Problem
Quote every line of the material beneath this one.
-- Exercise data follows --
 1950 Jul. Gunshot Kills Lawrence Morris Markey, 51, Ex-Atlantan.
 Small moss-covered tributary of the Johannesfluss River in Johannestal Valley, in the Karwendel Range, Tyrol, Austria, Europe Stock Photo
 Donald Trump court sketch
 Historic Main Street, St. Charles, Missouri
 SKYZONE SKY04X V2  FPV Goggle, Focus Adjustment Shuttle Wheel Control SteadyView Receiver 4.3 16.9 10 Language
-- Exercise data concluded --
Response to the task
 1950 Jul. Gunshot Kills Lawrence Morris Markey, 51, Ex-Atlantan.
 Small moss-covered tributary of the Johannesfluss River in Johannestal Valley, in the Karwendel Range, Tyrol, Austria, Europe Stock Photo
 Donald Trump court sketch
 Historic Main Street, St. Charles, Missouri
 SKYZONE SKY04X V2  FPV Goggle, Focus Adjustment Shuttle Wheel Control SteadyView Receiver 4.3 16.9 10 Language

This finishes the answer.